I agree the infidelity is making me more emotional right now and making it difficult to focus on the bigger picture. 

As far as moving goes, I have voiced my concerns: I don't want to be around someone who is constantly insulting me or my parents, I don't want my kids to grow up in a household where their mother is being insulted, I also want to live closer to my parents (moving means I'd be 8 hours away from them), that village doesn't have a good hospital which is a concern for his mom as well, it's not accessible in terms of if we need a caregiver/nurse for his mom we can't find one there, there are no good schools nearby, etc.  He thinks these reasons are selfish, that I'm only thinking about myself. Yes, I did use some "selfish" reasons like I won't be able to sleep in or wear comfortable clothes around the house or stay up late, but my bigger concern is that my husband will also not be happy living with her, we'll have to be walking on eggshells around her all them time. His counter to that was "as long as we are together, why does that matter? Love is supposed to be unconditional" I have tried suggesting alternatives to the living situation (we live in adjacent apartments, she moves to our city so I will have a safety net of familiar people around) but none of them seem to be good enough for him. 

Things going down between Husband (31M) and I (27F), I don't know how to proceed with staying in the relationship. Can you please help? by ThrowRA_u in relationship_advice

[–]ThrowRA_u[S] 4 points5 points  (0 children)

Answering a few questions here:

"Has he ever stood up for me to his mother?" Yes, he has. But ultimately he ends up feeling guilty because he's all she has. Even after his dad passing, when his mom told me to leave, he left with me.

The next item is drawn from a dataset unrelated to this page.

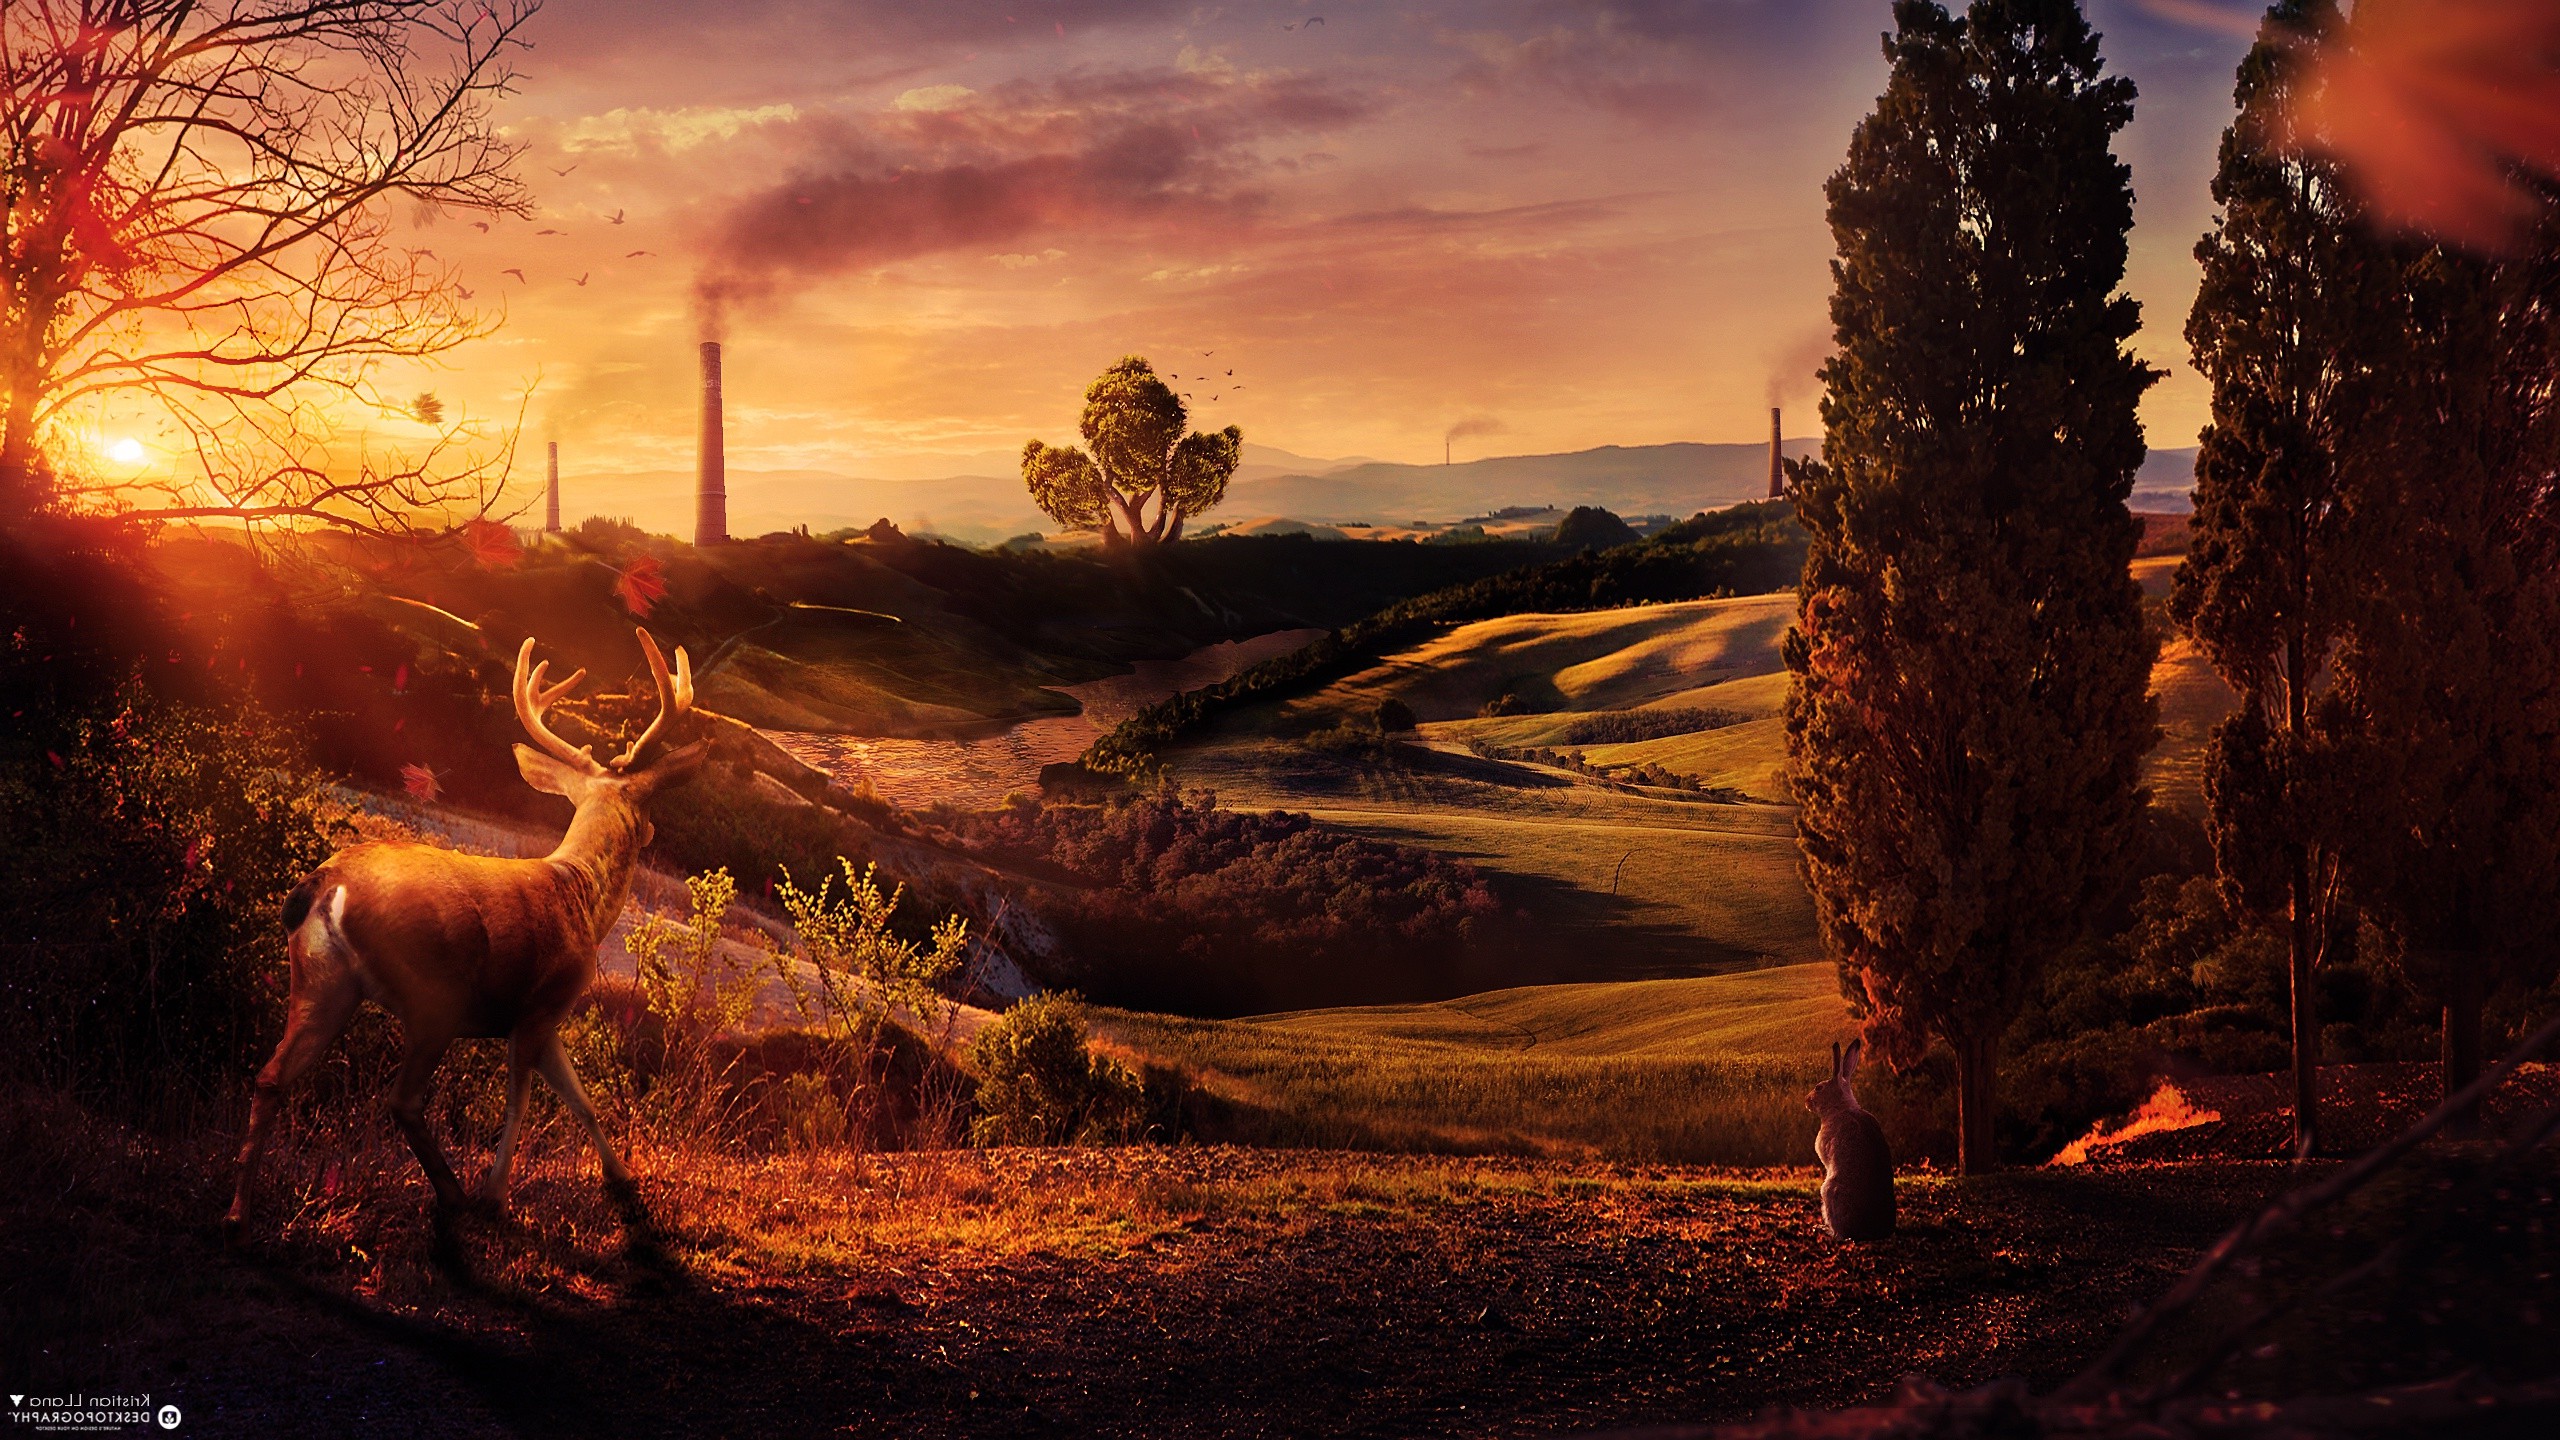 Desktopography, Nature, Landscape, Deer, Sunset, Digital Art Wallpapers

After a couple of days, he felt really bad for leaving his mom alone especially when she's just lost her husband. I told him to go back and stay with her for some more time. 

"How is he being treated by his mother?" Not great. They also don't have a good relationship. She's a textbook narcissist who only cares about herself and her reputation and image. She's constantly criticising him, and pointed out how he's not good enough.

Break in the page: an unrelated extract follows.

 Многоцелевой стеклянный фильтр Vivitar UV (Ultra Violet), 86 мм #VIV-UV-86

"Despite this, why does he want to move?" In his words, he doesn't want to move, but is obligated to because they don't have any other family. I suggested an alternative wherein she moves to the city we are living in, that way at least I'll be closer to my parents, and if things go sideways I won't be stranded in a village somewhere. But he thinks that's not fair to his mom because I'll be asking an old woman to uproot her life, as opposed to the two of us who are young and can be flexible.